TED TALLEY: Making musical memories wherever the journey goes

In mid-December 1770, Ludwig van Beethoven was born in Bonn, Germany. It's 2020 now and celebration time. Orchestras around the world are commemorating 250th anniversary of the composer's birth.

I had hoped to join a special Beethoven festival tour to Bonn this August led by Northwest Arkansas Community College music professor Miles Fish, but family requires my presence in Texas, instead. Other than this one-time Germany trip, Fish makes annual 10-day summer pilgrimages to Tuscany, hosting groups in conjunction with NWACC's study-abroad partnership at the University of Siena. It was my distinct pleasure to be on that tour last June; My first visit to Europe was filled with memorable experiences great and small.

One experience was standing on the very spot in Florence's Piazza della Signoria where the original 1497 Bonfire of the Vanities fired up (opposed to the 1990 Tom Hanks-Melanie Griffith version). Another was departing Venice via water taxi. Reminiscent of noisy crew boat rides during my college summers working offshore, yet the destination was Marco Polo Airport, not Morgan City, La. From ancient city to modern airport and dockside to ticket counters via the longest moving sidewalk I've every ridden, it was uniquely memorable.

The most striking event was attending the opera "Don Giovanni" at Teatro La Fenice. My box seat above the orchestra was so close I saw each pluck of the harpsichord strings. Ironically, this Venetian moment evoked memories of a similar event in North Texas.

In 2008, I sat front row center immediately above the conductor's podium in Fort Worth's Bass Performance Hall, there to see Elizabeth Futral, a Louisiana hometown friend, sing the lead in "Lucia di Lammermoor." As she performed the famous "mad" aria directly in front of me, I was so close I could read the score over the shoulder of the maestro (her husband, incidentally).

Since I wouldn't be joining the NWACC August trip, I decided to make Beethoven memories where I could: Bass Hall, the very place where I'd seen "Lucia." The Fort Worth Symphony Orchestra staged a double-header last Saturday night. First up was the famous and brilliant violinist Midori performing Beethoven's Violin Concerto (his only). Indeed, the helpful agent in the box office had been correct. My orchestra box chair, a dozen rows back, was eye level with Midori. The music, the musician and the orchestra melded into one beautiful work of art.

Next, and without intermission, was the centerpiece, the popular Fifth Symphony with its unmistakable, usually ponderous, four-note introduction. That opening passage, familiar to thousands who've never even darkened the door of a symphony hall, can be as clichéd and cartoonish as the shark-approach theme from "Jaws." But not so in Fort Worth. Music Director Miguel Harth-Bedoya dove in directly with a crisp, near-rapid introduction, as if to say "let's get those four notes done---there's so much more to interpret." Thus, I felt like I was hearing this symphony for the first time.

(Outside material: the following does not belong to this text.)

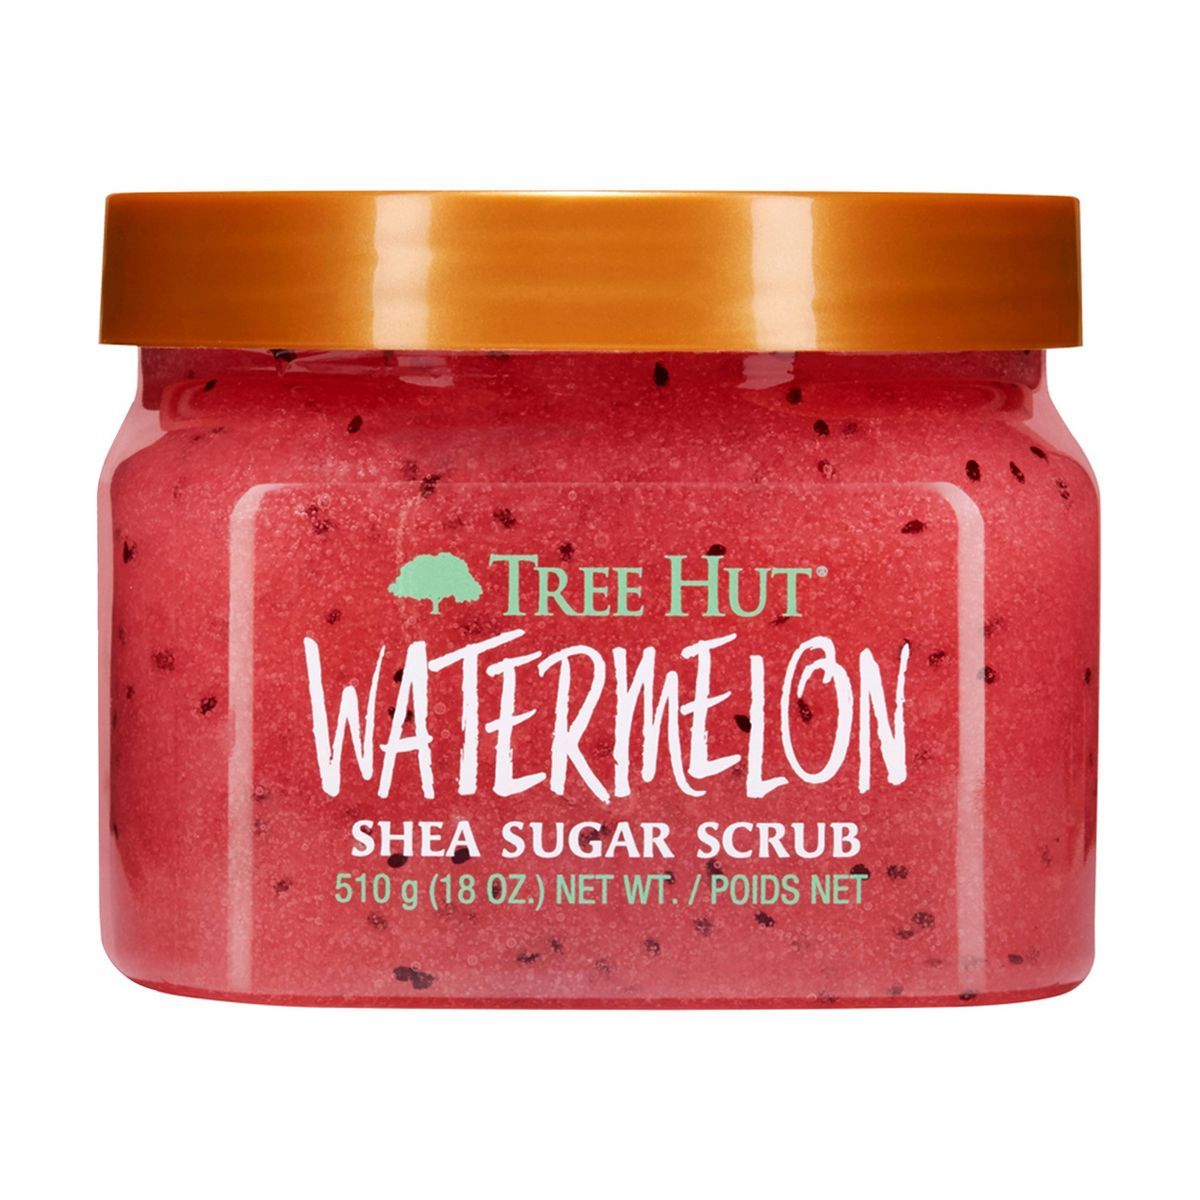 Tree Hut Watermelon Shea Sugar Body Scrub - 18oz | Target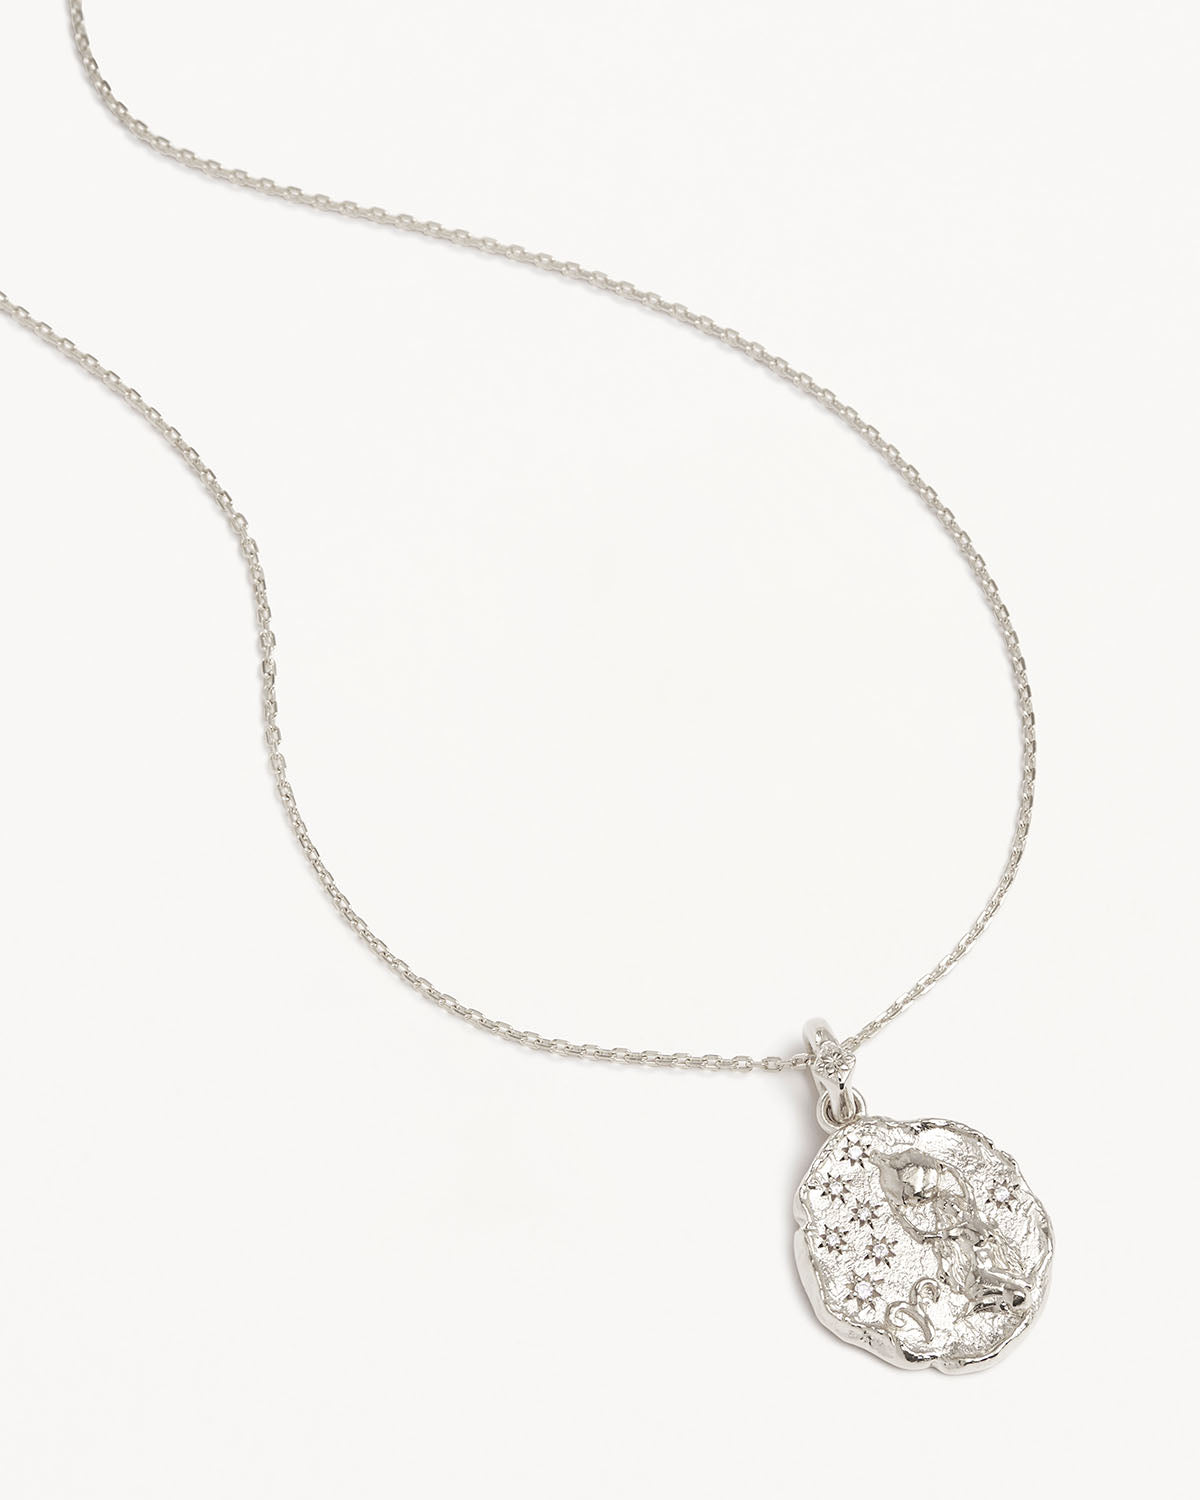 Zodiac Necklace For Men - Astrological Sign Necklace

After a well-deserved standing ovation, everybody who's anybody in local society exited in formal wear destined for the Worthington Hotel a few blocks away. A gala celebrating Midori's visit and noting Harth-Bedoya's last season with the orchestra awaited. Of course, in Sam's Club slacks and a leather jacket, I was not a soiree invitee.

You've got to love Fort Worth; The city makes no attempt to hide its Texan cow-town roots compared to Big D 30 miles east. Among black ties and cummerbunds, a few men donned Stetsons before heading to the shindig. Don't expect that at the Meyerson Symphony Center in sometimes uppity Dallas.

When I returned to my nearby lodging, the Texana immersion continued. The historic hotel, now a Marriott Courtyard, was once part of Conrad Hilton's Texas-born chain. Fellow guests included noisy young cheerleaders attending a statewide competition (perhaps dreaming of being Dallas Cowboys cheerleaders someday). Others wore boots and jeans in the waning hours of the Fort Worth Stock Show and Rodeo. Shiny Ford King Ranch edition pickups awaited valets out front.

In April the Fort Worth orchestra will perform Beethoven's Ninth, the "Ode to Joy" choral symphony. I hope to attend since the work is on the Bonn tour agenda that I can't make. In Fort Worth, choirs from Texas Christian University, University of Texas-Arlington and my own alma mater, Baylor University, will congregate. Surely the Germany chorale will be spectacular, but I dare say no more so than talented Texans. Beethoven sung by college student horned frogs, broncos and bears? Well, sure. One makes memories where one can.